You know they say that about expats, don’t they? Scottish people not living at home but in a foreign land. They become even more Scottish than their friends and family back home. You know, they cling to their culture. They cling to their history and their language and their food and their traditions and they assert it with greater determination and resolve because they don’t live at home anymore. They live in a strange land. Brothers and sisters in Christ, you are strangers in a strange land. This is not your home. You are to live here as someone who belongs there, who makes it plain that you are a citizen of another country. So Paul says, “Do not go on sinning. Stop living as though the old life now characterized you. Live, rather, the resurrection life that is yours and will be yours in all its fullness when Christ comes.”
So the pitiable consequences of a dead Christ. If He’s dead, we have no message; we have no hope. We are of all men most to be pitied. The precious consequences of a risen Christ. He’s not dead! He lives and reigns and is returning! And if we are in Him, not in Adam but in Christ, we shall live too. And the practical consequences of following this risen Christ. Sacraments become sweet and filled with meaning and promise and hope. Suffering is not any longer something simply to be avoided but something through which we can persevere for the glory of Christ, knowing that “the testing of our faith produces perseverance and perseverance character and character hope.” And sanctification. While we endure all of it because Jesus Christ is alive, we have become citizens of another world already called to live resurrection life. Showing those who look at us, hear us, see how we spend our money, give to the church, support global mission, endure hardship in Jesus’ name, witness to our friends, showing those who look at us we don’t belong here. We are heading for the Promised Land, for the heavenly city, for a New Jerusalem, for the home of righteousness, the hope of glory.
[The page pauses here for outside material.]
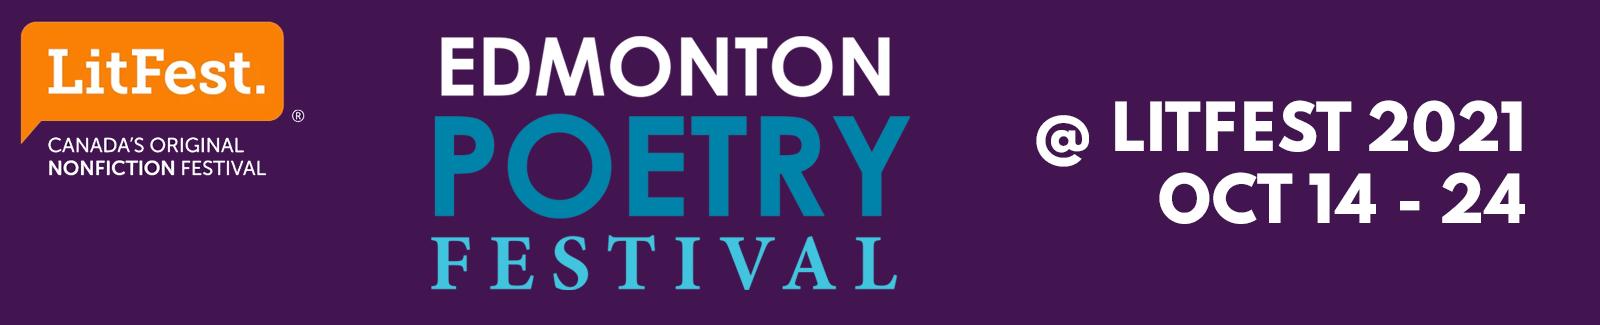 Edmonton Poetry Festival @ LitFest 2021 Oct 14-24,2021

May the Lord give us grace to hear and respond in faith to His Word. Let us pray.
Our Father, we thank You that Jesus Christ is alive. That He sits now, today, at Your right hand. That one day the last enemy shall be destroyed, death itself, and all things placed in subjection to Him. One day He shall come in triumph and the open display of His great glory. How we long for that day. We pray for grace now to persevere, to live as citizens of the world yet to come and not to put down our roots into the toxic soil of this world. For we ask it in Jesus’ name, amen.